In order to be eligible to participate in this study, an individual must meet all of the following criteria:

1. Willingness of participant and/or guardian to sign a written informed consent form, which must be obtained prior to initiation of study procedures.
2. Period 1: Adults \>=18 years of age

   Period 2: Adults and children 3-17 years of age
3. Minimum body weight of 35 kg for participation in Period 1 and 18 kg for participation in Period 2.
4. Have an activating germline mutation of PTHIR (H223R, I458K, I458R, T410P, or T410R)
5. Female participants of reproductive potential must agree to use one form of highly effective contraception. Highly effective contraception includes:

   Total abstinence (when this is in line with the preferred and usual lifestyle of the participant). Periodic abstinence (e.g. calendar, ovulation, symptothermal, post- ovulation methods) and withdrawal are not acceptable methods of contraception.

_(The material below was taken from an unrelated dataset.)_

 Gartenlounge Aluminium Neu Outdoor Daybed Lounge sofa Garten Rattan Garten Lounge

   Female sterilization (have had surgical bilateral oophorectomy with or without hysterectomy) or tubal ligation at least six weeks before taking study treatment.

   Male sterilization (at least 6 months prior to screening). For female participants in the study, the vasectomized male partner should be the sole partner for that participant for the study duration.

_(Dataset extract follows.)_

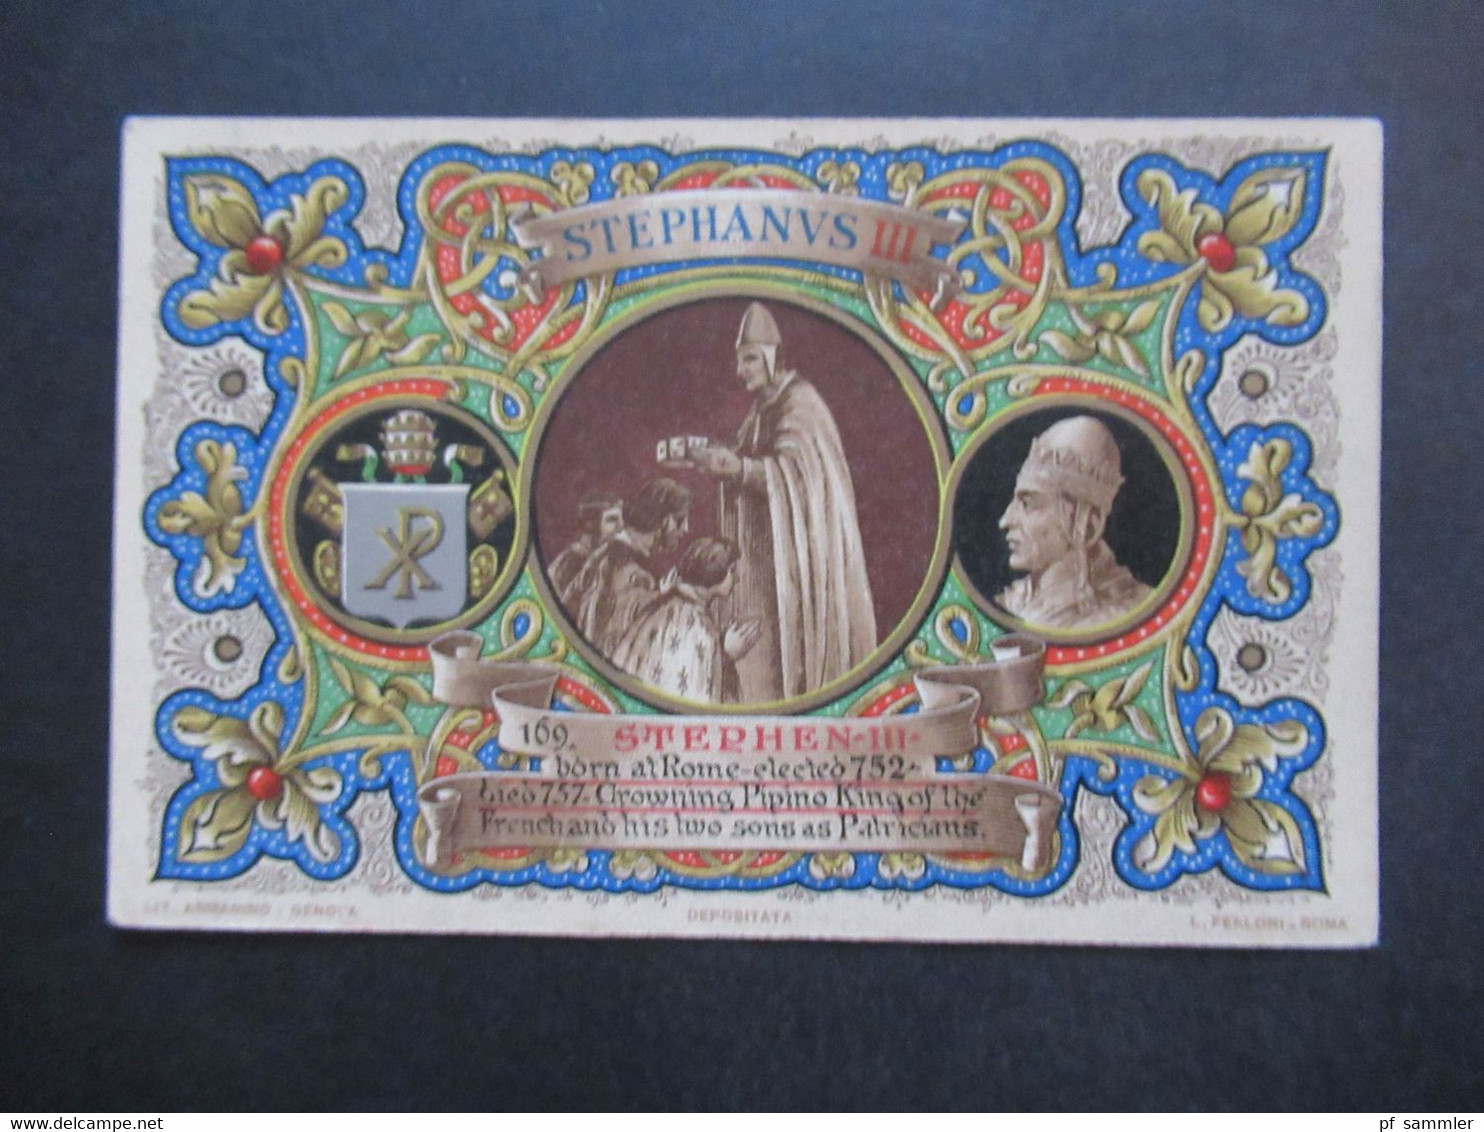 AK Posten 69 Stück Lithografie / Litho um 1903 verschiedene Päpste Relgion / Vatican tolle Motive Hoher Wert!! 1x Perfin

   Use of oral, injected, or implanted hormonal methods of contraception or other forms of hormonal contraception that have comparable efficacy (failure rate \<1%), for example hormonal vaginal ring or transdermal hormone contraception

   Placement of an intrauterine device (IUD) or intrauterine system (IUS)

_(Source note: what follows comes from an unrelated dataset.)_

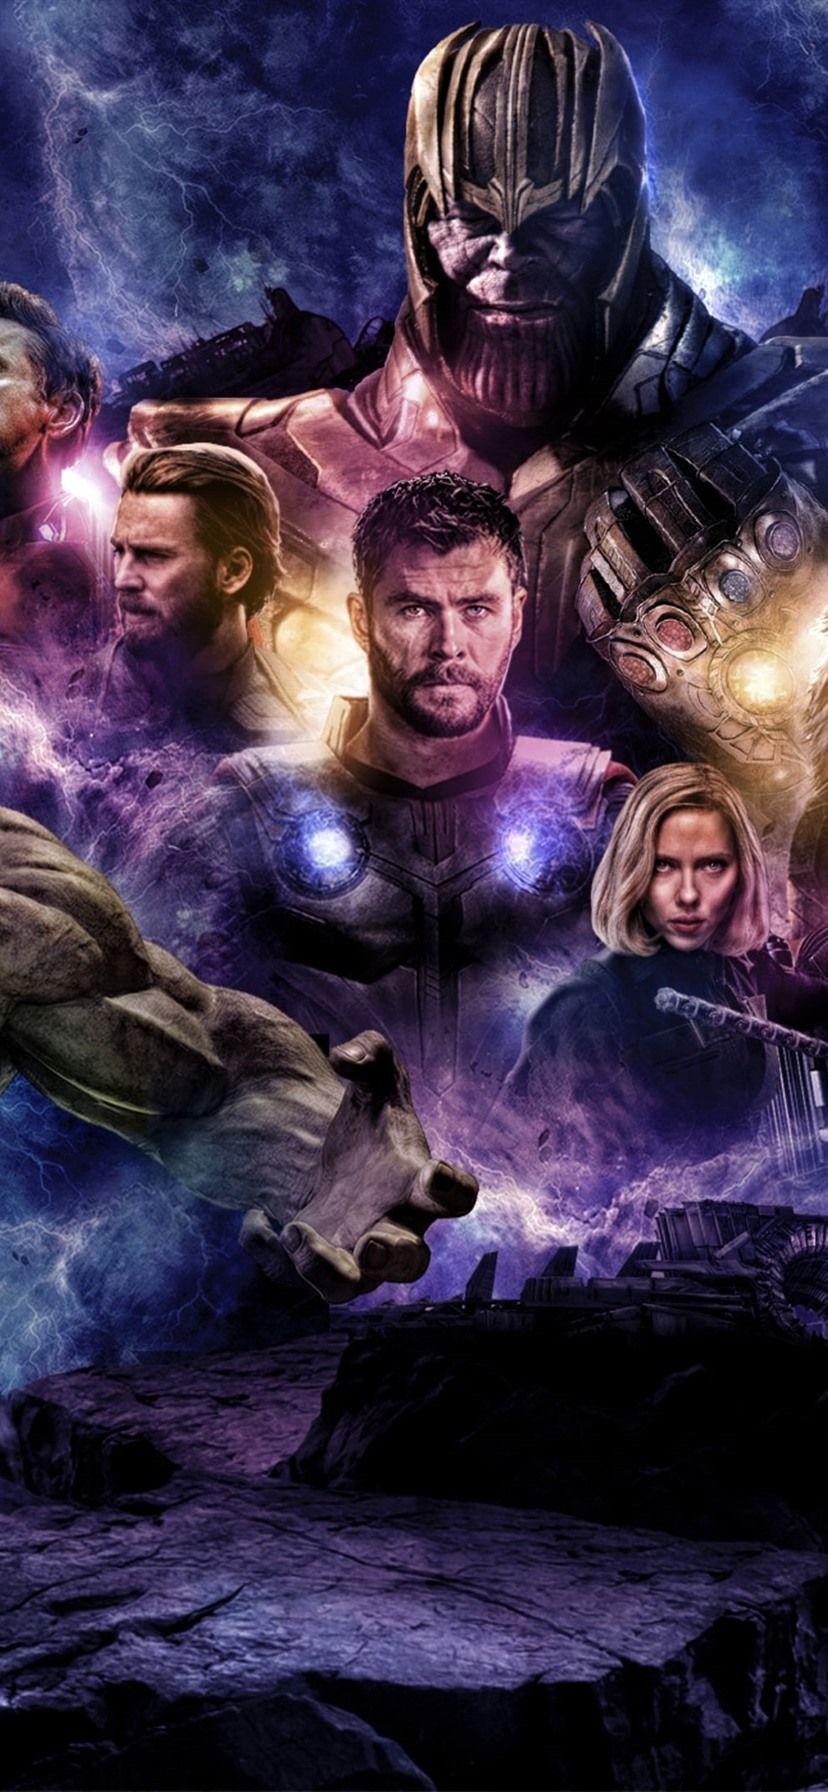 Wallpaper Avengers: Endgame, DC Comics movie 2019 3840x2160 UHD 4K

   Barrier methods of contraception used correctly by the male partner: condom or occlusive cap (diaphragm or cervical/ vault caps) with spermicidal foam/gel/film/cream/vaginal suppository.
6. For males of reproductive potential: use of condoms or other methods described above to ensure effective contraception with partner.
7. Stated willingness to comply with all study procedures and availability for the duration of the study, including the ability and willingness to travel to the NIH Clinical Center.

EXCLUSION CRITERIA:

An individual who meets any of the following criteria will be excluded from participation in this study:

1. Pregnancy or lactation
2. 25-hydroxyvitamin D \<=20 ng/mL. Patients will be eligible for rescreening after a repletion period lasting up to 6 months.
3. Clinically significant renal disease with estimated glomerular filtration rate (eGFR) \<=45 mL/ min/1.73 m2.
4. Alanine aminotransferase (ALT) or aspartate aminotransferase (AST) \>2 times the upper limit of normal. If transaminitis is present, patients will be eligible for rescreening for a period of up to 6 months.
5. Hgb \<12 gm/dL for women and girls \>=16 years, \<=13 gm/dL for men and boys \>=16 years, and \<=11.5 gm/dL in children \<=15 years. If reduced hemoglobin levels are related to iron, B12, or folate deficiency, patients will be eligible for rescreening after a repletion period lasting up to 6 months.
6. Hypersensitivity or intolerance to any active substance or excipient of PTH-IA
7. History of surgical removal of all parathyroid glands.
8. Treatment with bisphosphonate use within 6 months of screening
9. Treatment with denosumab within 3 months of screening
10. Treatment with thiazides within 4 weeks of screening
11. Any other significant medical conditions that, in the opinion of the study team, may present a concern for participant safety or difficulty with data interpretation.